Would you set down the data that follows, word for word, without any pictures?

* **DATASET SECTION**:
┄┄┄┄┄┄

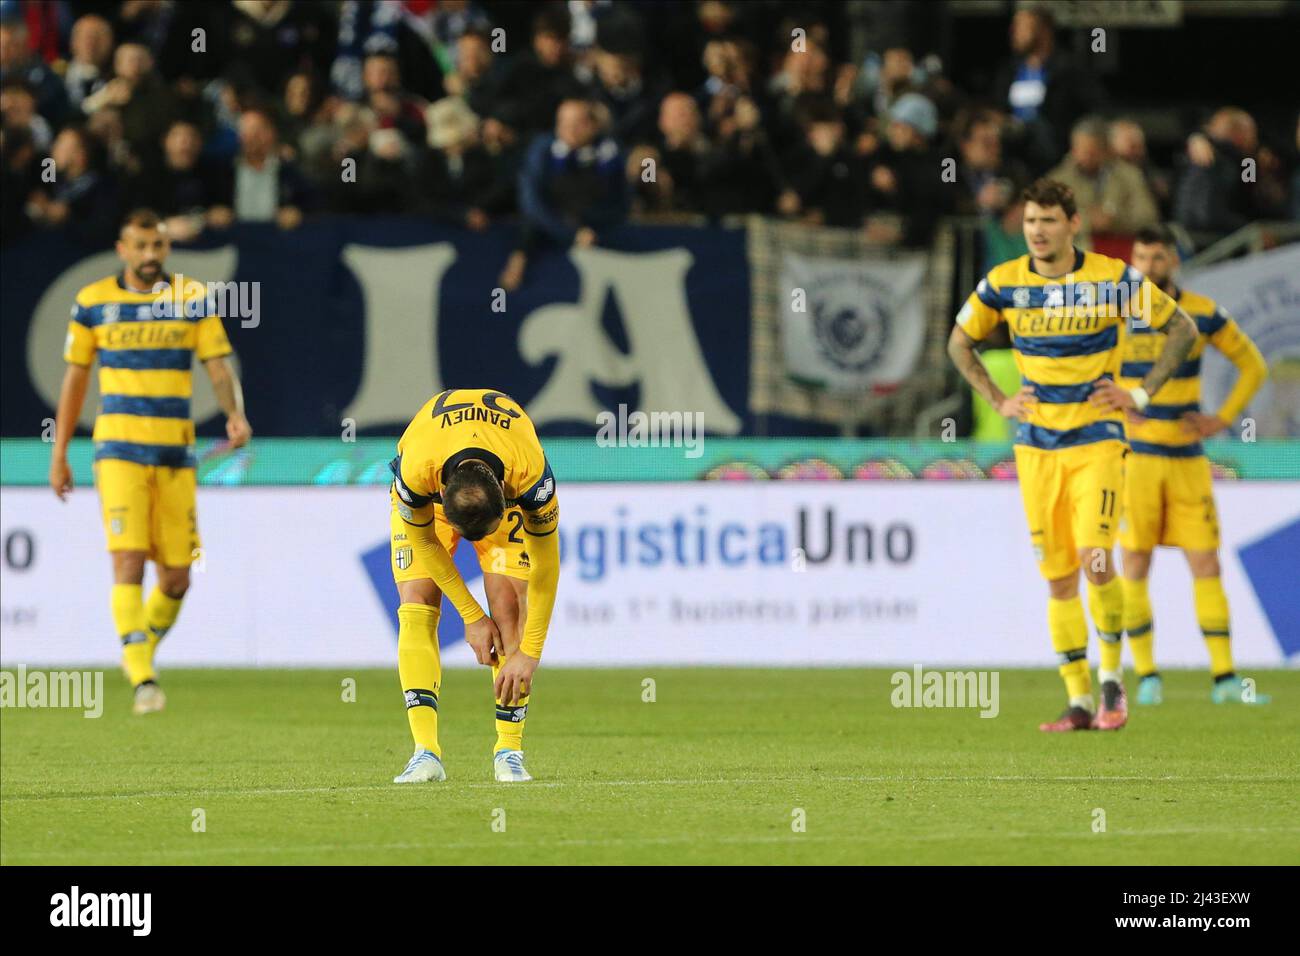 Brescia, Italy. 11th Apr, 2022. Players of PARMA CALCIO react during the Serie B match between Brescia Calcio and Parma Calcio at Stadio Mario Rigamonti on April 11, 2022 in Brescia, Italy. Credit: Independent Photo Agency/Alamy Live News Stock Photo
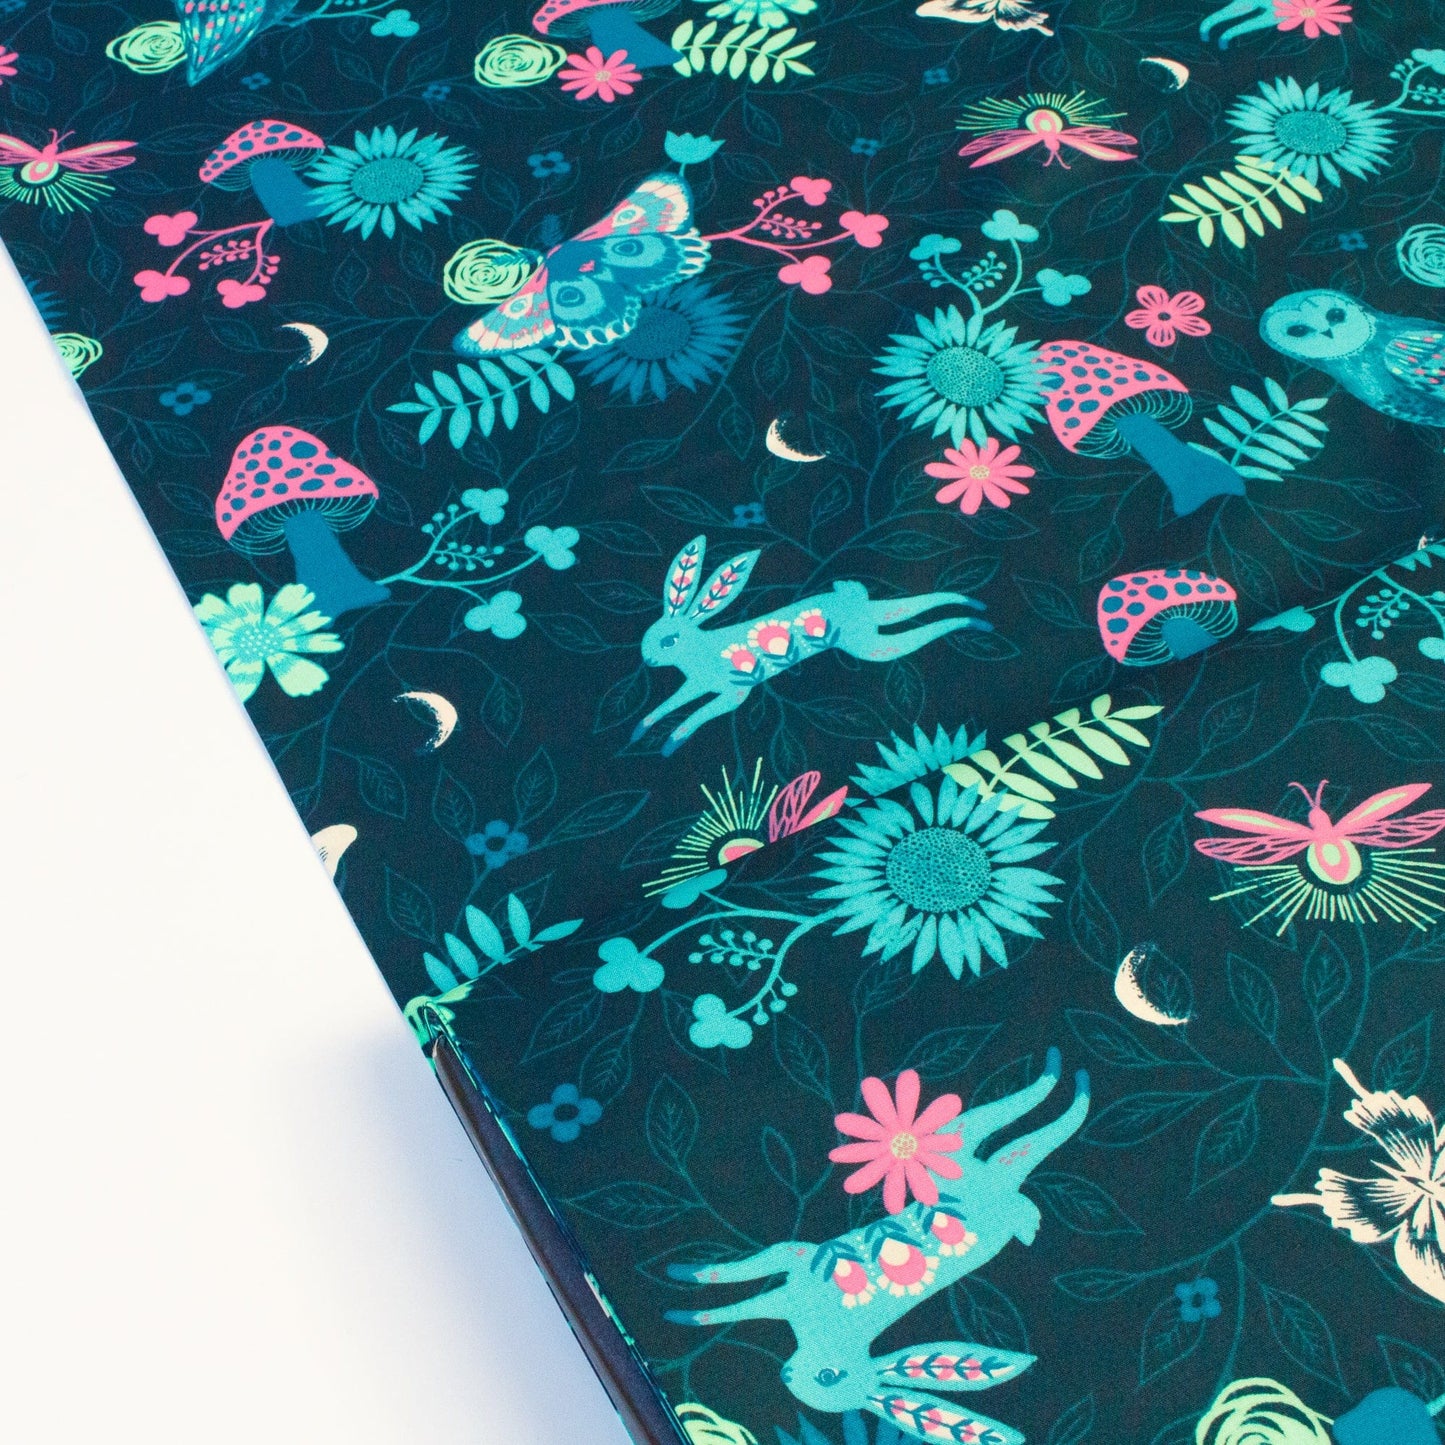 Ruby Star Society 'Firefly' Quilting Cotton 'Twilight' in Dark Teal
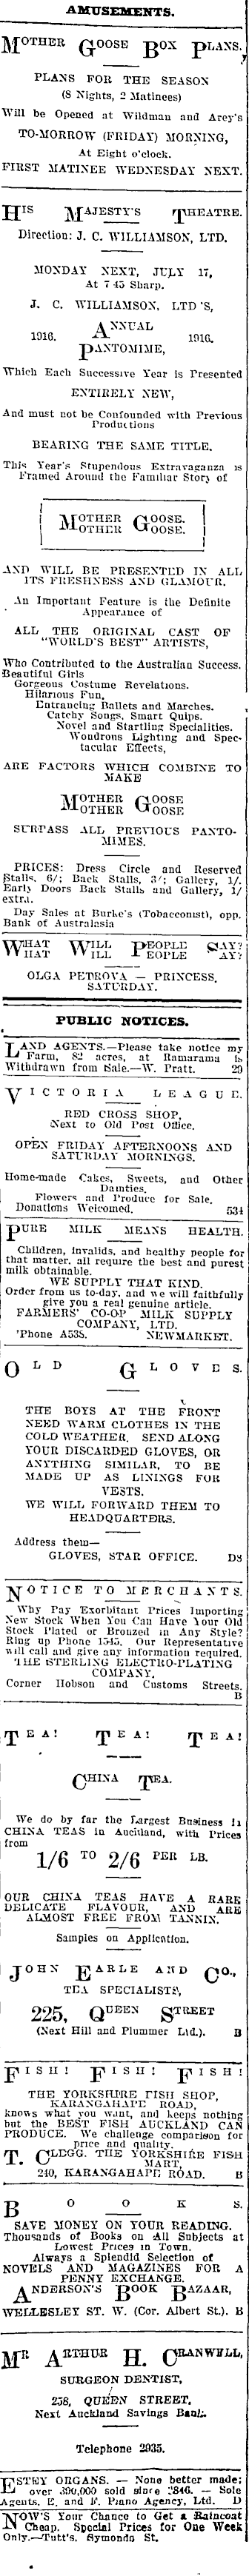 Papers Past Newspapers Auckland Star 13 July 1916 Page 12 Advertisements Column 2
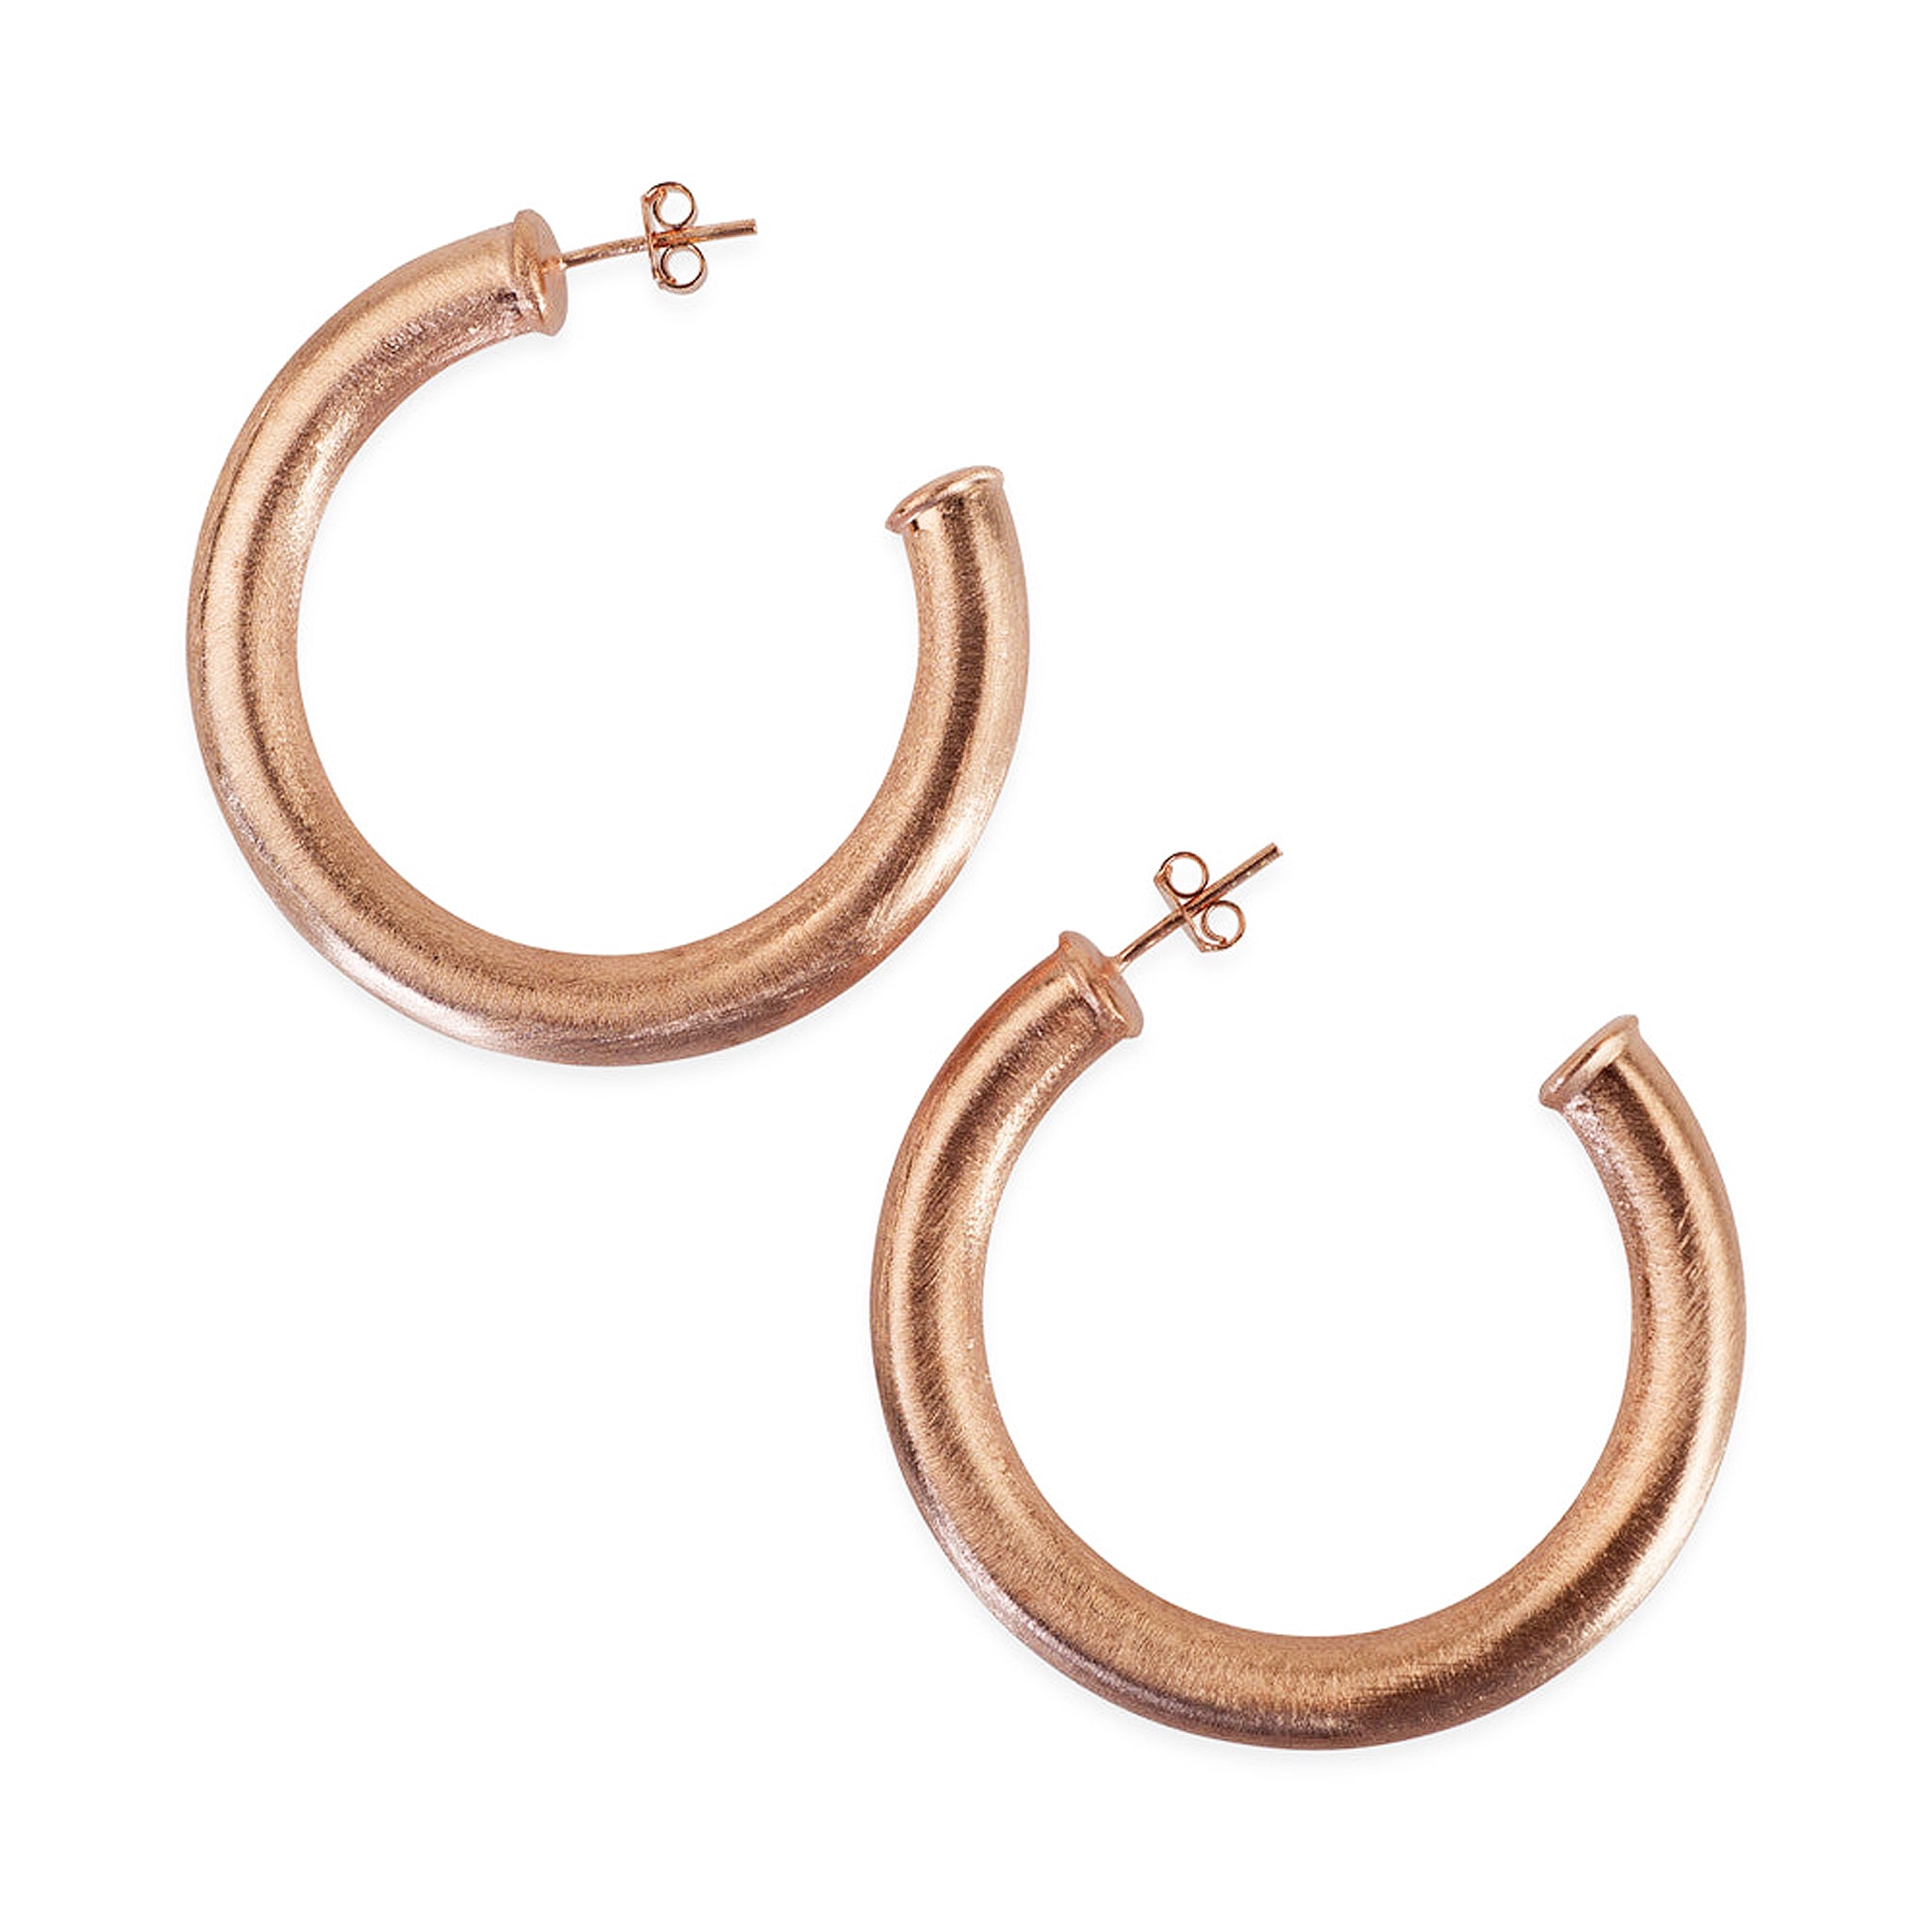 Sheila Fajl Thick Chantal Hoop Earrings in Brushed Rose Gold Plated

┄┄┄┄┄┄

* **WRITTEN RESPONSE**:
 Brescia, Italy. 11th Apr, 2022. Players of PARMA CALCIO react during the Serie B match between Brescia Calcio and Parma Calcio at Stadio Mario Rigamonti on April 11, 2022 in Brescia, Italy. Credit: Independent Photo Agency/Alamy Live News Stock Photo
 Ruby Star Society 'Firefly' Quilting Cotton 'Twilight' in Dark Teal
 Papers Past Newspapers Auckland Star 13 July 1916 Page 12 Advertisements Column 2
 Sheila Fajl Thick Chantal Hoop Earrings in Brushed Rose Gold Plated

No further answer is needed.